Manuel Pérez García is associate professor at the Department of History (School of Humanities) of Shanghai Jiao Tong University. He is also Distinguished Researcher at Pablo de Olavide University (UPO) of Seville (Spain). From 2013 to 2017 he was associate professor at the School of International Studies, Renmin University of China.

He received his B.A. History at the Department of Early Modern, Contemporary and American History at the University of Murcia, Spain, in 2002; his Ph.D. from European University Institute (EUI), Florence, Italy, in 2011 and his Postdoctoral Fellowship from Tsinghua University, Beijing, China, in 2013. He is the founder and director of the Global History Network in China (GHN). He is the editor-in-chief of the Palgrave Studies in Comparative Global History.

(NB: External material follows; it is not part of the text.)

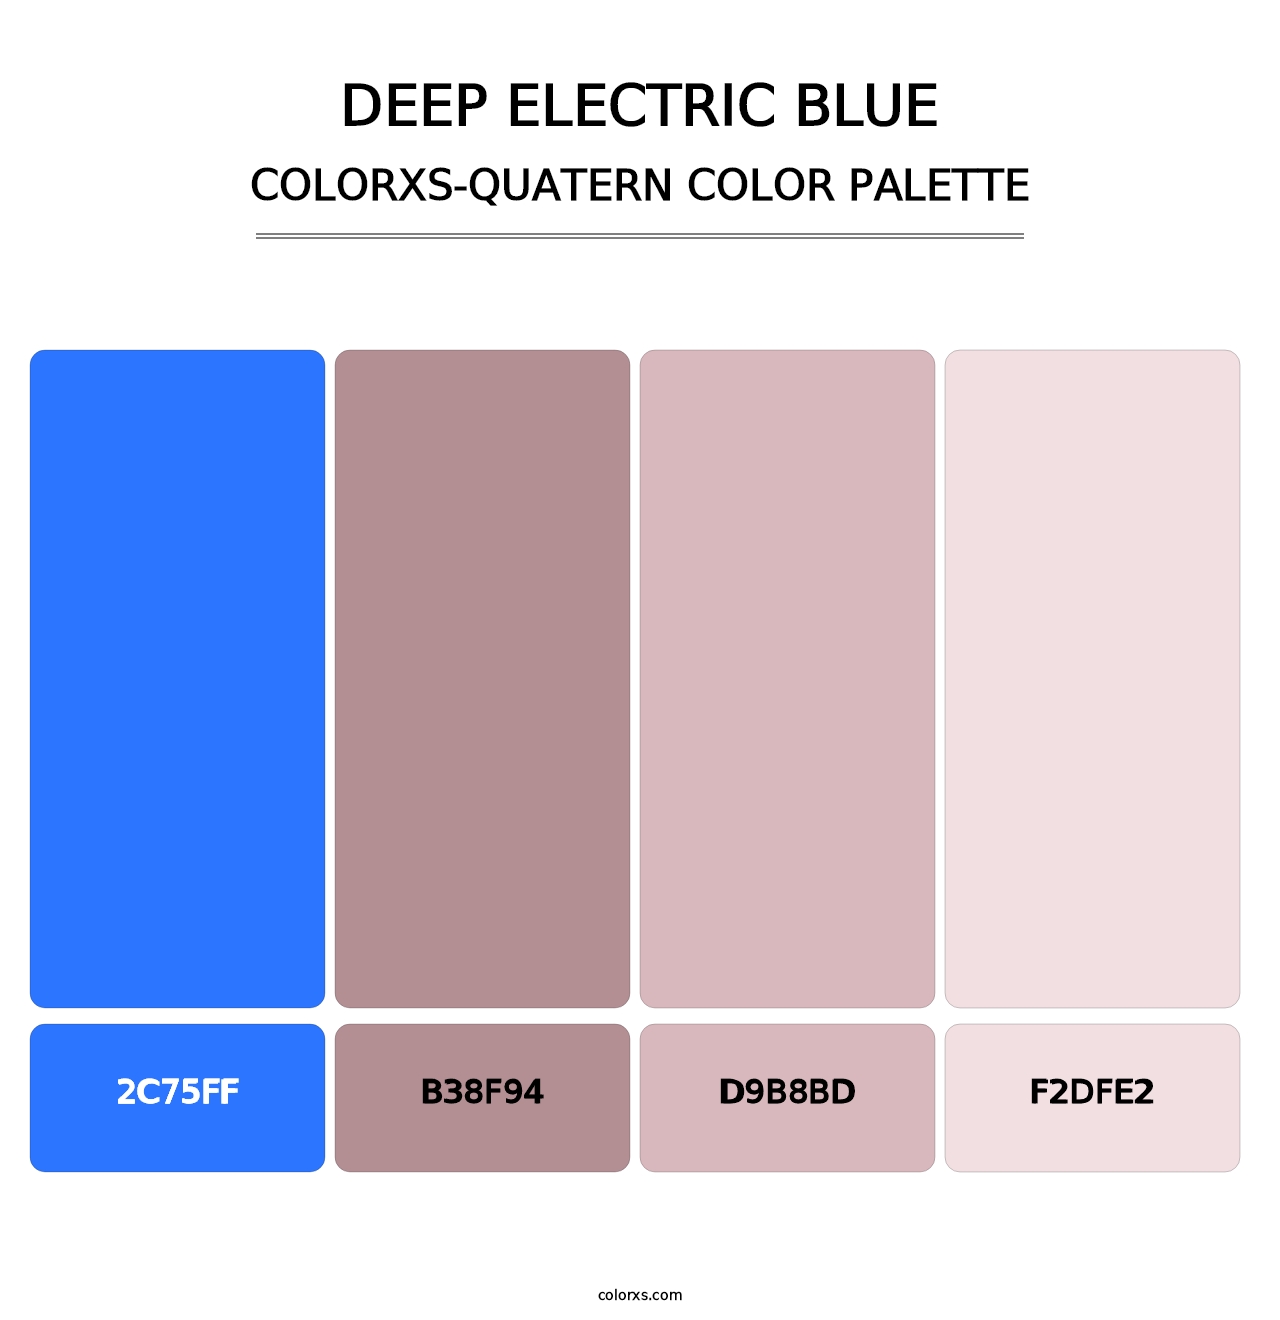 Deep Electric Blue - Colorxs Quatern Palette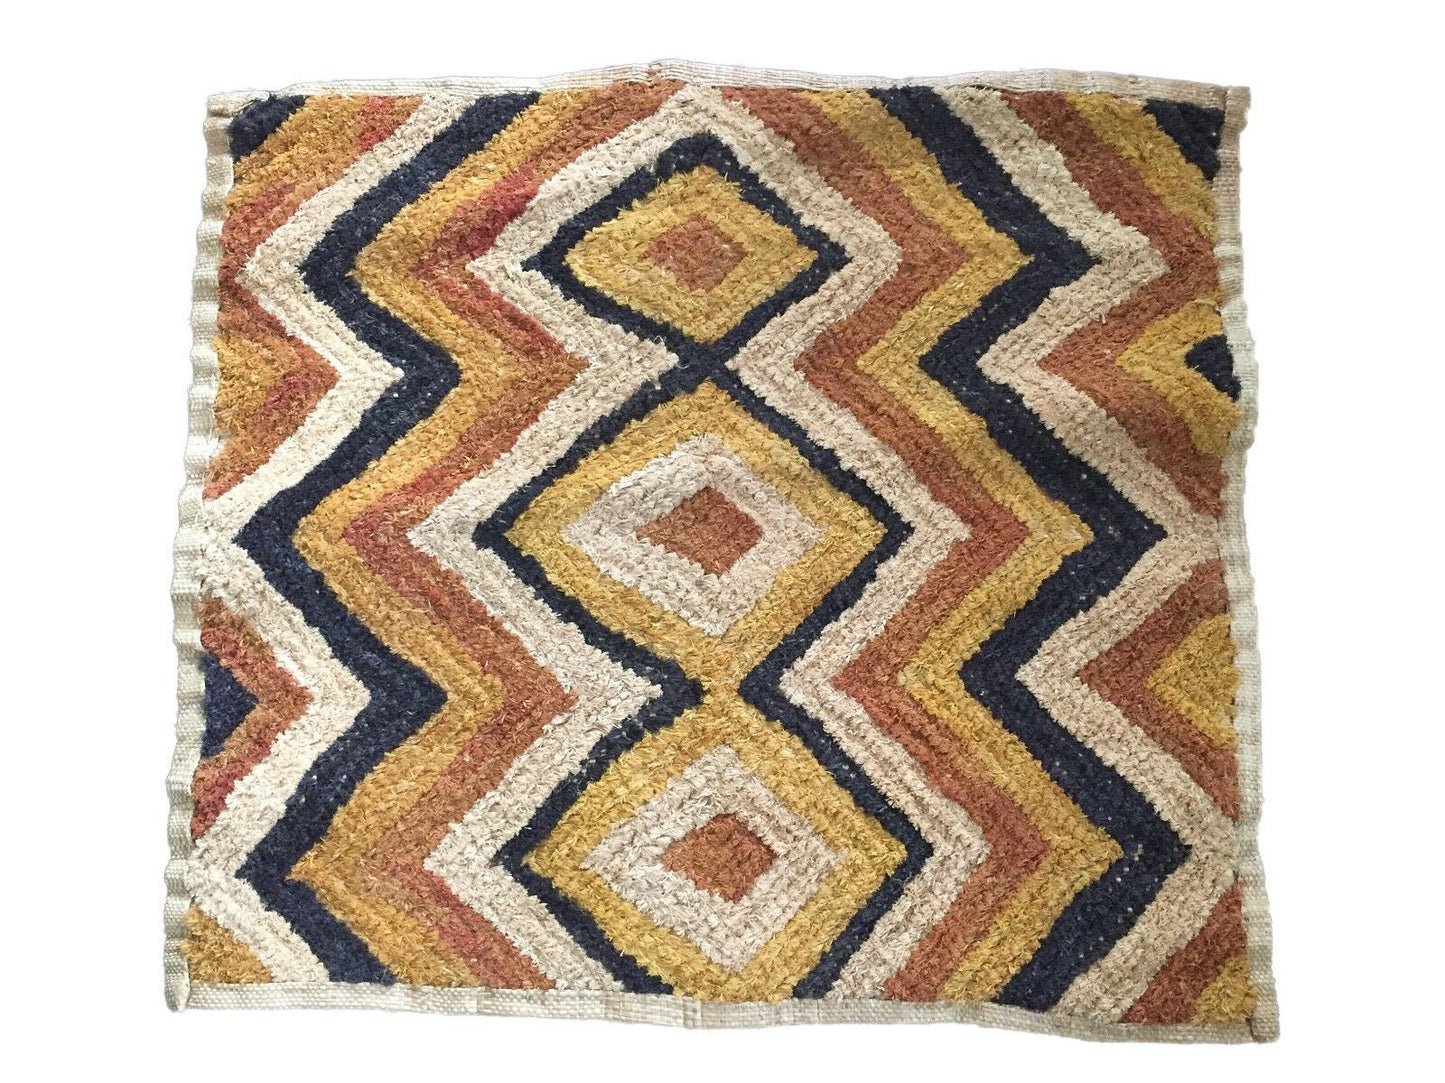 #1590 Superb African Kuba Kasai Velvet Raffia Textile Zaire 24.5 "by 22.25"

While he was completing his PhD, Manuel was a student of Jan de Vries at UCBerkeley. His PhD supervisor at the EUI was Bartolomé Yun-Casalilla and his mentor at Tsinghua University was Liu Beicheng.

He has been the first (European) researcher fully based in China to win a European Research Council (ERC) Grant. Pérez García was awarded the grant in December 2015 with his project "GECEM: Global Encounters between China and Europe: Trade Networks, Consumption and Cultural Exchanges in Macau and Marseille, 1680-1840", in which the Pablo de Olavide University (UPO) of Seville (Spain) acts as main European institution for this project.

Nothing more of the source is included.